## Assigned task
Where the records below show a line containing "French Kiwis Oscar", start copying; end with the line containing "An icon or badge", and copy it too.

## Dataset excerpts
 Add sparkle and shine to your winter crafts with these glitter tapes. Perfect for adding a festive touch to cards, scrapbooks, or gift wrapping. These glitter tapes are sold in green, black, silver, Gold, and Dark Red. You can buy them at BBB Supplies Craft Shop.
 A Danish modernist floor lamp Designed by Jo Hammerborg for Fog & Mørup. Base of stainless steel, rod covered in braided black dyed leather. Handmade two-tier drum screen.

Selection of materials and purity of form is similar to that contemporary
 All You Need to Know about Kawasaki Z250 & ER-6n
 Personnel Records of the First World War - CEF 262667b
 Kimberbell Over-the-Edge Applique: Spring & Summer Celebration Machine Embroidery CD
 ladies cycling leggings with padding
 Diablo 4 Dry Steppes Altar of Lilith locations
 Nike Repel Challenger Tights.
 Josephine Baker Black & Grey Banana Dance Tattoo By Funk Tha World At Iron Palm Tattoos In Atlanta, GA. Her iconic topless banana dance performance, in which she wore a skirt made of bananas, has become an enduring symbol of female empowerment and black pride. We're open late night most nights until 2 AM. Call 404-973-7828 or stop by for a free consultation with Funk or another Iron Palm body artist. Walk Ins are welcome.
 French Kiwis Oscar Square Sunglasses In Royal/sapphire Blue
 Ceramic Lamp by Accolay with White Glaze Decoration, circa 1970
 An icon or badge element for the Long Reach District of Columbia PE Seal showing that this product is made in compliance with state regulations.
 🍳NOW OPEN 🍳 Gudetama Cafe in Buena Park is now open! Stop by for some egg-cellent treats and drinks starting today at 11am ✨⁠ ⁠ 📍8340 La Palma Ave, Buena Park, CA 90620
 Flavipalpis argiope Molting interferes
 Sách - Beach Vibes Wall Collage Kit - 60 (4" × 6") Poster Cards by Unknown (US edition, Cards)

## Written response
 French Kiwis Oscar Square Sunglasses In Royal/sapphire Blue
 Ceramic Lamp by Accolay with White Glaze Decoration, circa 1970
 An icon or badge element for the Long Reach District of Columbia PE Seal showing that this product is made in compliance with state regulations.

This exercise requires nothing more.